There are countless observances of this anniversary in person or on various media today. For myself and my family, there is only one that I can contribute. You who have been to this blog before, may have seen comments in 2008, 2011, 2014 and 2018.  All have mentioned the good fortune that protected my beloved wife from getting a well-deserved job at the Pentagon–in a section at or near the impact of the plane.

Not luck or coincidence, but her Buddhist practice, and mine, saved her life.  She really should have got the promotion. Coworkers were certain of that. It was several years later that the plane struck. The person who got the job died in the attack–as did the man who hired her. Others died as well. One, who went out on a smoke break outside the building, didn’t. Such is karma.

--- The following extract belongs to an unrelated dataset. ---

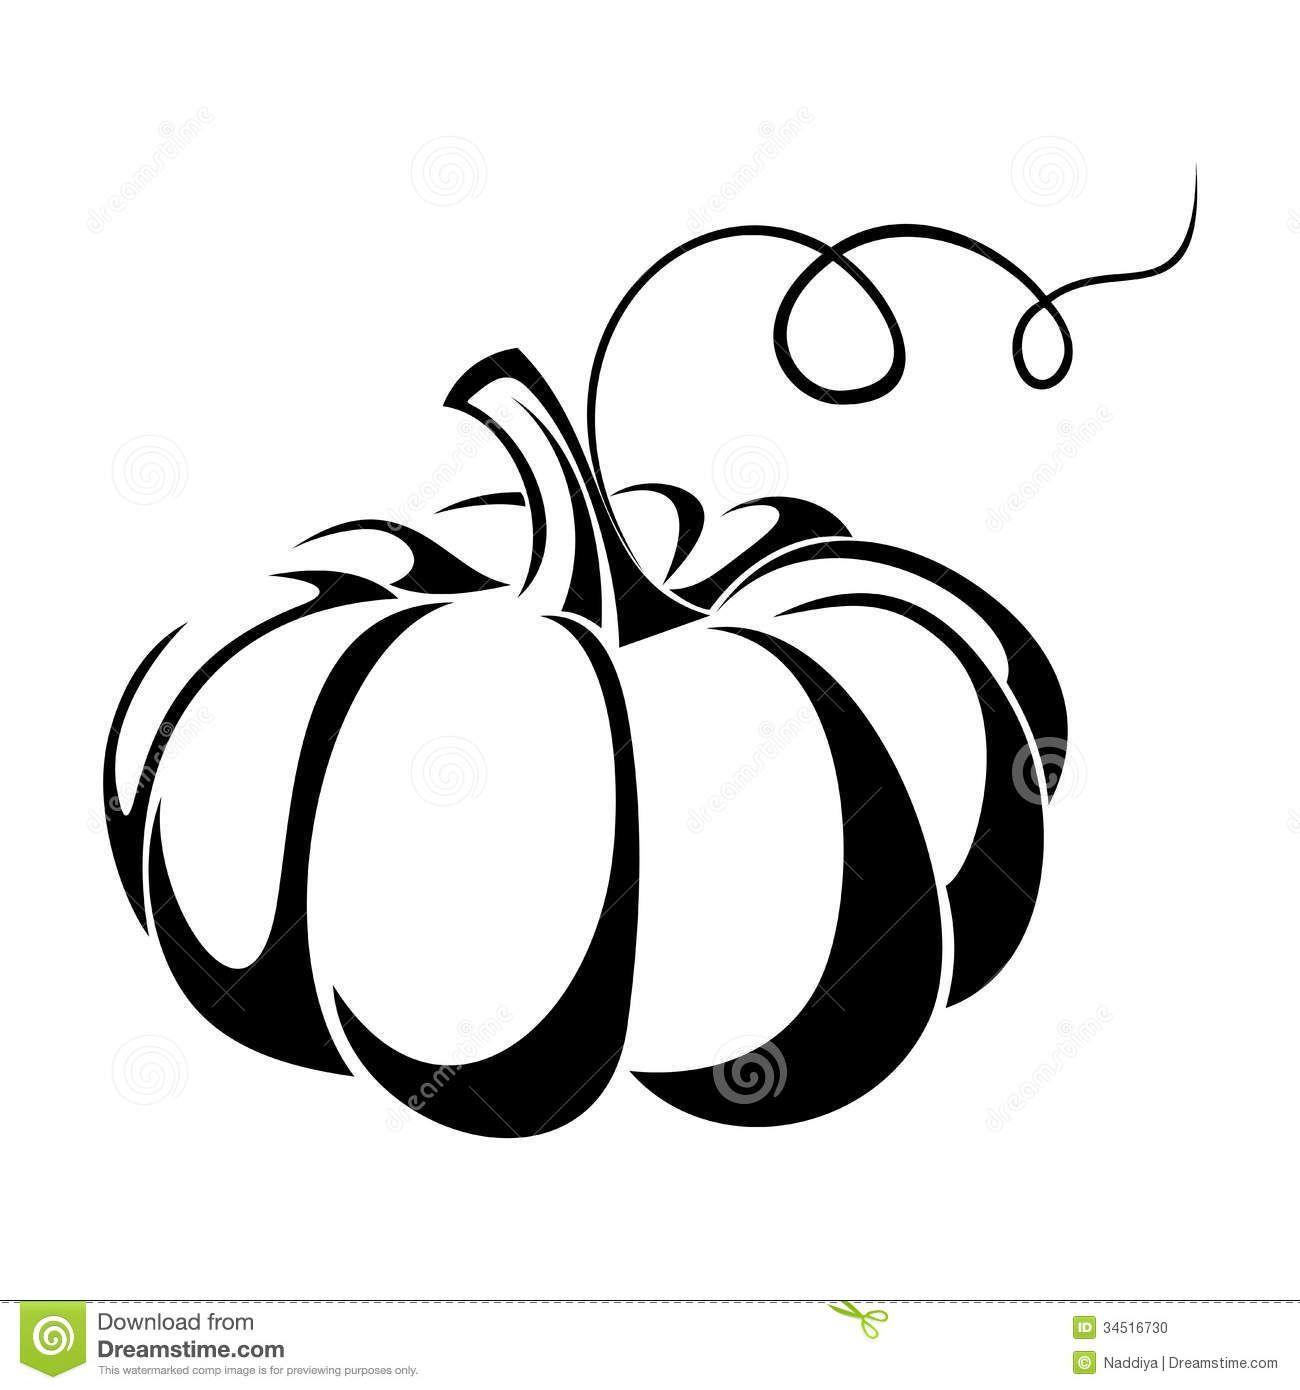 Pumpkin Silhouette Pumpkin Clipart Black And White Pumpkin Vector Cricut Creations

I watched all of the news coverage from a TV in my agency director’s office with others. He was away. Everyone at my wife’s office, a few miles away, were allowed to leave within a short time after the Pentagon event. I, 25 miles away elsewhere in Northern Virginia, could also have gone home. Most people did. After talking with her, I stayed and worked on a budget due in a couple weeks, knowing that she would be home for our teenage children let out from school.

It seems unlikely, improbable–difficult to conceive of restoring a faith in American democracy in this decade. Yet it is essential if the nation is to survive not another attack from without but one from within. On this day, I will rededicate my Buddhist practice to that end.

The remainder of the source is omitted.